Variable | No BM, n(%) | BM, n(%) | Total, n(%) | P-value |
---|---|---|---|---|
n=9376(84.5) | n=1717(15.5) | n=11,093 | ||
Age (years) | <0.001* | |||
Median(range) | 67(29–95) | 65(36–91) | 67(29–95) | |
Sex | <0.001 | |||
Male | 4290(45.76) | 892(51.95) | 5182(46.71) | |
Female | 5086(54.24) | 825(48.05) | 5911(53.29) | |
Race | 0.030 | |||
White | 7952(84.81) | 1434(83.52) | 9386(84.61) | |
Black | 962(10.26) | 210(12.23) | 1172(10.57) | |
Others | 462(4.93) | 73(4.25) | 535(4.82) | |
Tumor size (mm) | 0.005 | |||
<28 | 2534(27.03) | 404(23.53) | 2938(26.49) | |
28–45 | 2206(23.53) | 400(23.3) | 2606(23.49) | |
>45 | 4636(49.45) | 913(53.17) | 5549(50.02) | |
T Stage | <0.001 | |||
T1 | 1676(17.88) | 236(13.74) | 1912(17.24) | |
T2 | 2519(26.87) | 496(28.89) | 3015(27.18) | |
T3 | 1995(21.28) | 366(21.32) | 2361(21.28) | |
T4 | 3186(33.98) | 619(36.05) | 3805(34.3) | |
N Stage | 0.991 | |||
N0 | 1870(19.94) | 340(19.8) | 2210(19.92) | |
N1 | 824(8.79) | 149(8.68) | 973(8.77) | |
N2 | 4968(52.99) | 909(52.94) | 5877(52.98) | |
N3 | 1714(18.28) | 319(18.58) | 2033(18.33) | |
Surgery | <0.001 | |||
No | 8833(94.21) | 1689(98.37) | 10,522(94.85) | |
Yes | 543(5.79) | 28(1.63) | 571(5.15) | |
Radiotherapy | <0.001 | |||
No | 7894(84.19) | 1346(78.39) | 9240(83.3) | |
Adjuvant | 1454(15.51) | 361(21.03) | 1815(16.36) | |
Neo-adjuvant | 28(0.3) | 10(0.58) | 38(0.34) | |
Chemotherapy | <0.001 | |||
No/unknown | 2146(22.89) | 497(28.95) | 2643(23.83) | |
Yes | 7230(77.11) | 1220(71.05) | 8450(76.17) |
Note: *Student’s t-test was used for the continuous variables age.

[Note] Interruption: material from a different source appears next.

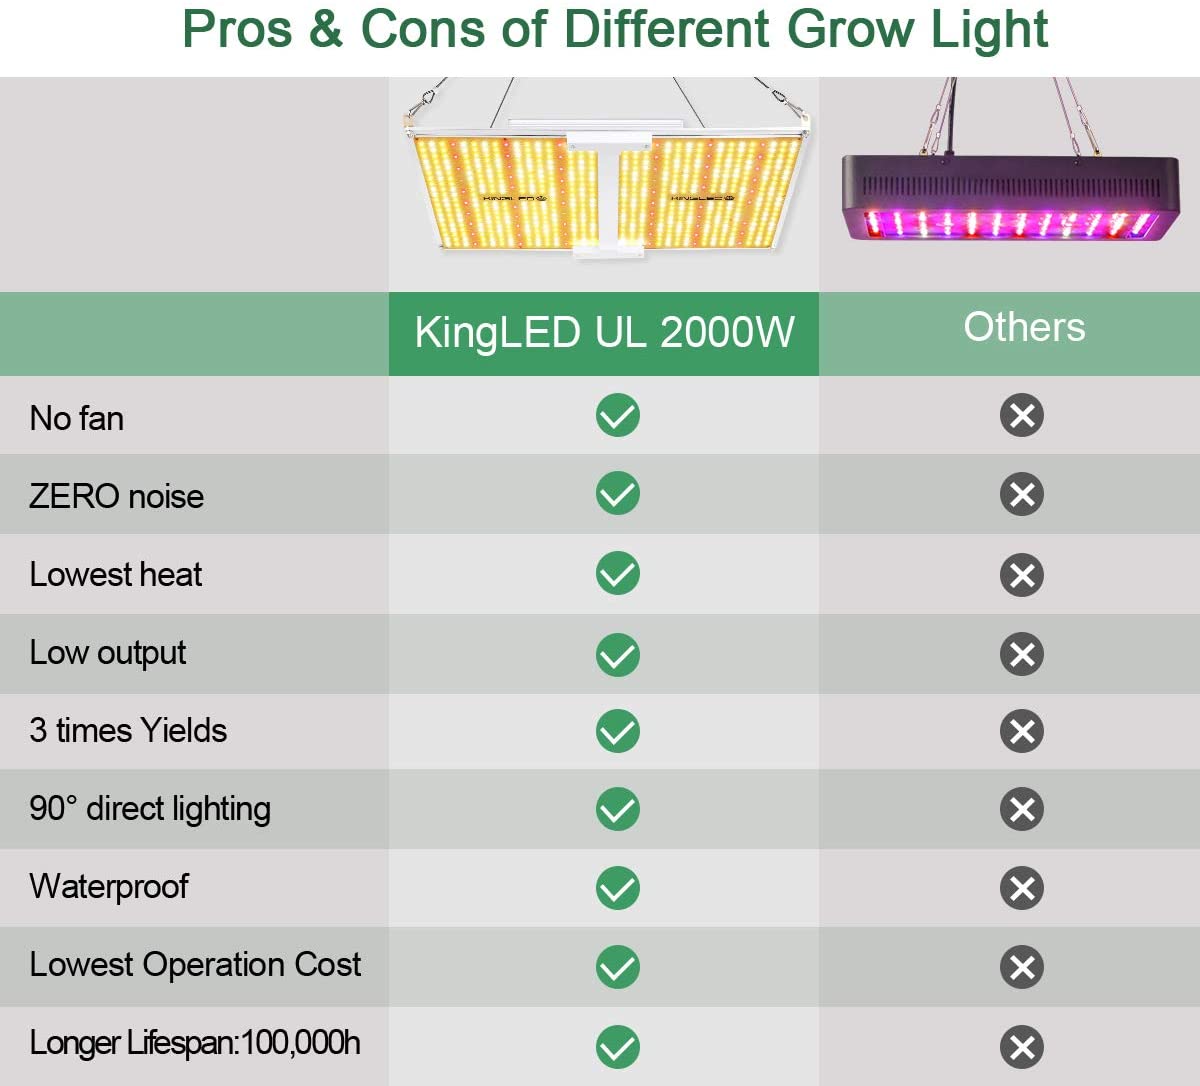 King Plus UL Series 2000W LED Grow Light Full Spectrum Plants Lights for Indoor Veg and Flower Growing Lamp(620 Samsung LED Chips)

Abbreviation: BM, brain metastasis.
Risk Factors for BM at Presentation
We used logistic regression models to identify the risk factors for BM in SCLC patients at presentation. In univariate logistic regression analysis, the risk factors significantly associated with BM were black race, tumor size >45 mm, T stage > T1 (OR>1, P<0.05). In multivariate logistic regression analysis, age, sex, and T stage were still significantly associated with the risk of BM (P<0.05). Consequently, age, male and advanced T stage were independent risk factors for BM in SCLC patients at presentation. The specific results of logistic regression analysis for BM are displayed in Table 2.
Table 2.
Variable | Univariate Logistic Model | Multivariate Logistic Model | ||
---|---|---|---|---|
OR(95% CI) | P-value | OR(95% CI) | P-value | |
Age (years) | 0.98(0.975–0.985) | <0.001 | 0.981(0.976–0.986) | <0.001 |
Sex | ||||
Male | Reference | Reference | ||
Female | 0.78(0.704–0.865) | <0.001 | 0.785(0.707–0.871) | <0.001 |
Race | ||||
White | Reference | Reference | ||
Black | 1.211(1.03–1.417) | 0.019 | 1.143(0.971–1.34) | 0.072 |
Others | 0.876(0.675–1.121) | 0.306 | 0.882(0.678–1.13) | 0.27 |
Tumor size (mm) | ||||
<28 | Reference | Reference | ||
28–45 | 1.137(0.979–1.321) | 0.092 | 0.977(0.819–1.167) | 0.8 |
>45 | 1.235(1.089–1.403) | 0.001 | 1.017(0.865–1.199) | 0.839 |
T Stage | ||||
T1 | Reference | Reference | ||
T2 | 1.398(1.185–1.654) | <0.001 | 1.369(1.114–1.684) | 0.003 |
T3 | 1.303(1.093–1.555) | 0.003 | 1.26(1.023–1.553) | 0.03 |
T4 | 1.38(1.176–1.624) | <0.001 | 1.31(1.067–1.609) | 0.01 |
N Stage | ||||
N0 | Reference | Reference | ||
N1 | 0.995(0.805–1.224) | 0.959 | 0.982(0.794–1.21) | 0.869 |
N2 | 1.006(0.88–1.153) | 0.927 | 0.96(0.837–1.103) | 0.561 |
N3 | 1.024(0.867–1.209) | 0.783 | 0.943(0.796–1.117) | 0.498 |
Abbreviations: OR, odds ratio; CI, confidence interval.
Survival Analysis
Kaplan–Meier survival analysis indicated that the CSS of patients with BM was significantly worse than those without BM (Figure 3, p<0.0001). To be concrete, the median CSS for patients without BM was 13 months (95% CI=12.6–13.4), while the median CSS for patients with BM was only 6 months (95% CI=5.5–6.5) during the study period (Table 3). Consequently, BM in SCLC patients usually portends unfavorable outcome.
Table 3.
Patients, N | Median CSS | |
---|---|---|
95% CI, Months | ||
No BM | 9376 | 13(12.6–13.4) |
BM | 1717 | 6(5.5–6.5) |
P-value | <0.001 |
Abbreviations: BM, brain metastasis; CSS, cancer-specific survival.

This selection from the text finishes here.